BRASÍLIA, DF (FOLHAPRESS) – O desembargador Flávio Jardim, do TRF-1 (Tribunal Regional Federal da 1ª Região), deu no último dia 6 decisão em ação envolvendo o bilionário mercado das canetas emagrecedoras mesmo tendo atuado como advogado para uma das partes, há dois anos, e em causa idêntica à que agora julgou.
A decisão de Jardim, adotada em um sábado, suspendeu uma liminar que havia sido obtida pela dinamarquesa Novo Nordisk, atendendo a pedido feito 48 horas antes pela brasileira EMS, farmacêutica para quem o agora juiz advogou até 2023.
A briga judicial trata da ampliação da patente de caneta usada para diabetes e emagrecimento.
A empresa estrangeira pediu para Jardim se declarar suspeito. O magistrado disse nos autos que embora tenha trabalhado como advogado em ação com o mesmo teor, no caso presente ele não atuou.
À reportagem, Jardim afirmou que a Novo Nordisk tenta desviar o debate. “Eles estão insistindo numa tese que o Supremo Tribunal Federal já julgou [extensão de patente]. Estão agora querendo deslocar o debate, como se o problema fosse eu”, disse.

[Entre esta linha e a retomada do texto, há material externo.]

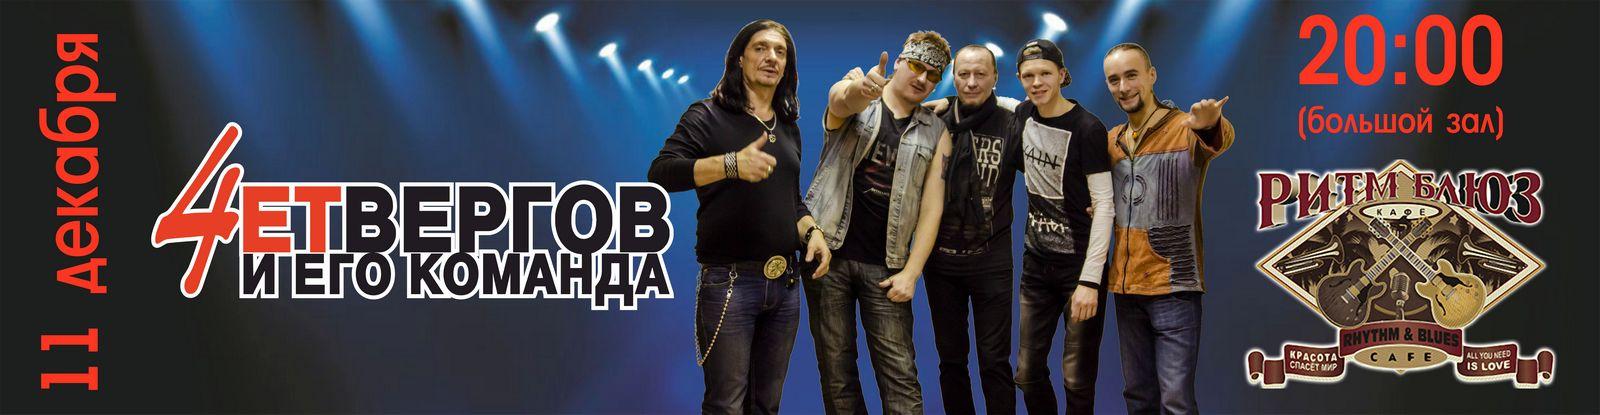 гитарист Дмитрий Четвергов

A disputa judicial entre a Novo Nordisk e a EMS tem como pano de fundo o pleito da empresa dinamarquesa de ampliação até 2033 da validade da patente da liraglutida, base de suas canetas Victoza e Saxenda -e também das versões sintéticas produzidas pela EMS, Olire e Linux.

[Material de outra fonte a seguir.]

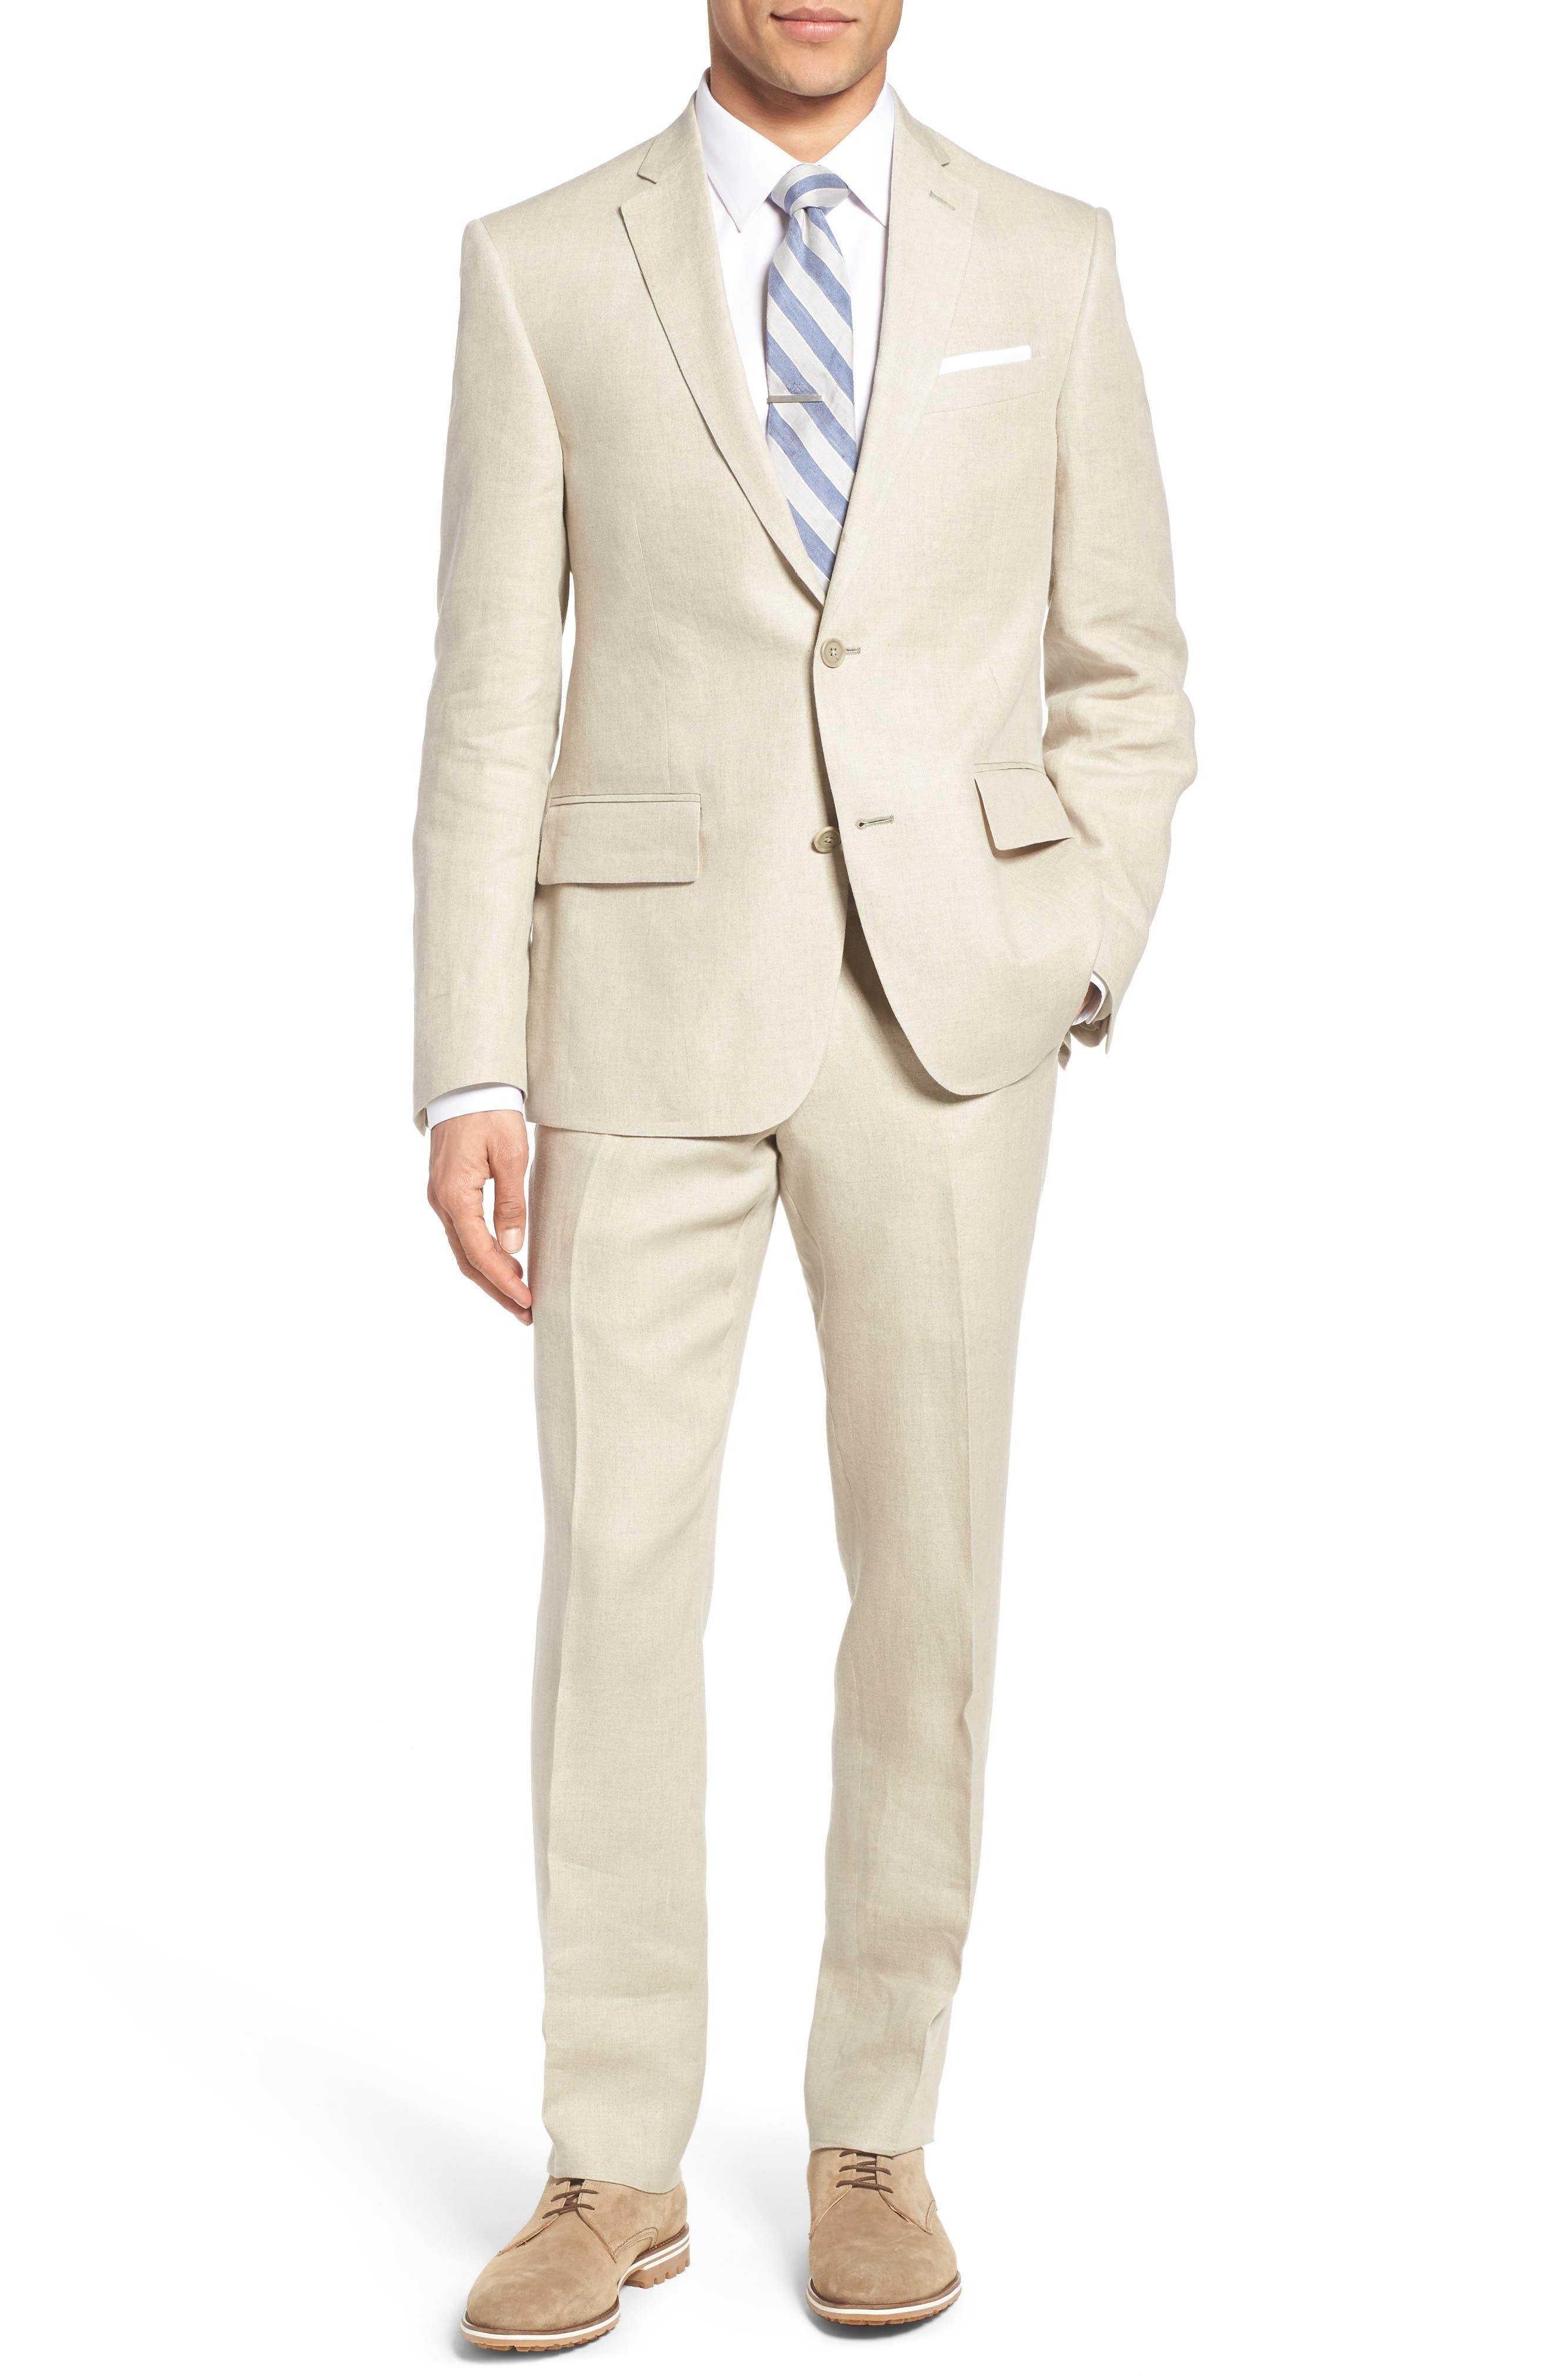 Nordstrom Men's Shop Linen Blazer, Vest & Trousers Outfit with Accessories

O argumento é o de que houve excessivo tempo de análise da patente, o que diminuiu drasticamente o período que a empresa poderia comercializar o produto com exclusividade no mercado nacional.
A ideia da farmacêutica dinamarquesa é utilizar a mesma argumentação para defender a prorrogação da patente da semaglutida, princípio ativo de produtos mais valiosos, como Wegovy e Ozempic. A proteção comercial desta molécula cai em março de 2026 e a EMS já pediu para a Anvisa o registro de um genérico.

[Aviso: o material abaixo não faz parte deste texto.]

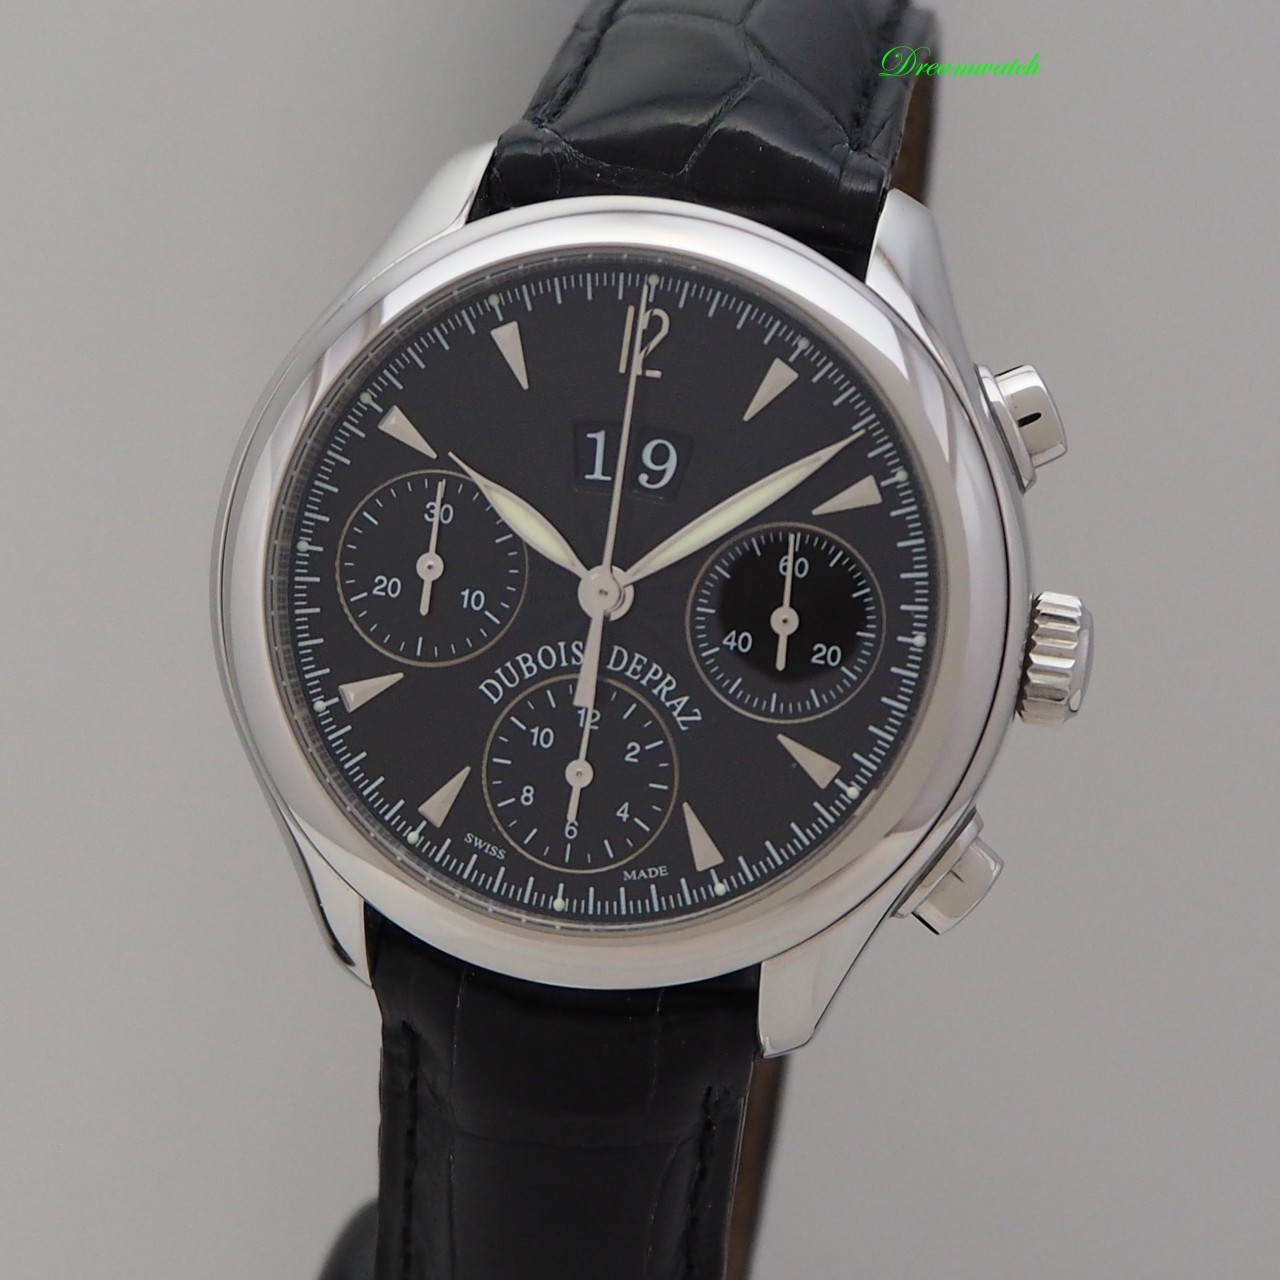 Dubois Depraz Chronograph Grande Date -Limited Edition 100 Jubiläumsuhr

O desembargador Flávio Jardim representou o grupo FarmaBrasil no julgamento do STF (Supremo Tribunal Federal) que, em 2021, declarou inconstitucional um trecho da legislação que permitia proteger os produtos por mais de 20 anos se houvesse demora na analisar das patentes.
Jardim tomou posse no TRF-1 em março de 2024. Ele ocupou uma das vagas reservadas à advocacia. Na decisão do último dia 6 ele suspendeu liminar da primeira instância em favor da Novo Nordisk.
“Se essas teses prevalecessem, este relator seria suspeito para julgar qualquer processo no qual figure o Distrito Federal como parte, já que fui Procurador do DF durante 15 anos e defendi os interesses do ente distrital”, afirmou o desembargador.
Jardim registrou na decisão seus argumentos para eventual caso de análise de sua conduta por instâncias superiores.
“De modo a preservar a imparcialidade deste Juízo, desde logo apresento esses fatos para possibilitar aos meus pares e, possivelmente, aos tribunais superiores, examinar e eventualmente revisar a minha conclusão sobre a existência de eventual impedimento ou suspeição deste de relator para atuar em processos deste tema.”
Jardim atuou na defesa da EMS ao lado da advogada Daniela Caldas Rosa Alves Coelho, que segue no caso. O marido dela, Renato Coelho, foi colega do juiz na Procuradoria do Distrito Federal.
“A advogada é uma pessoa que é esposa de um sujeito que participa do grupo de pesquisa do IDP e que, por isso, teve uma obra coletiva, salvo engano, em que a gente publicou artigos. De fato, eu o conheço. O doutor Renato é, inclusive, procurador do DF, mas isso também não é uma causa de suspeição, no meu sentir”, disse Jardim.
Em novo recurso, ainda não avaliado pelo TRF-1, a Novo Nordisk afirma que a atuação como advogado de sua concorrente não foi “genérica ou tangencial”, citando a defesa da EMS em 2023 contra a mesma empresa e em processo similar envolvendo a extensão de patente de outro modelo de caneta.
A farmacêutica ainda citou dois precedentes similares em que o magistrado se declarou suspeito.
O desembargador disse à reportagem que pode ter cometido um equívoco nesses casos anteriores. “Eu vou ser sincero, eu não me lembro [dos dois casos em que se afastou]. Eu acho que eu me equivoquei”, afirmou. O pedido de suspeição do magistrado foi revelado pelo Jota.
Jardim também afirma que a turma do TRF-1 em que ele atua já avaliou e descartou pedido anterior de suspeição por ação de outra empresa, que era representada pelos mesmo advogados. E, acrescenta, não houve recurso.
A EMS e a Novo Nordisk ainda têm trocado acusações nos documentos levados aos tribunais. Em um deles, assinado por Jardim e outros advogados em setembro de 2023, a EMS disse que os movimentos da fabricante do Ozempic têm “apelo oportunista e abusivo” e buscam prorrogar o monopólio, com a manutenção de preços extorsivos.
Já a farmacêutica dinamarquesa pede a condenação da EMS por litigância de má-fé.
Em nota, a defesa da Novo Nordisk disse que “não basta que o magistrado, em seu foro íntimo, se sinta isento, é indispensável que garantias suficientes sejam oferecidas para excluir qualquer dúvida legítima sobre a sua imparcialidade”. A EMS não quis se manifestar.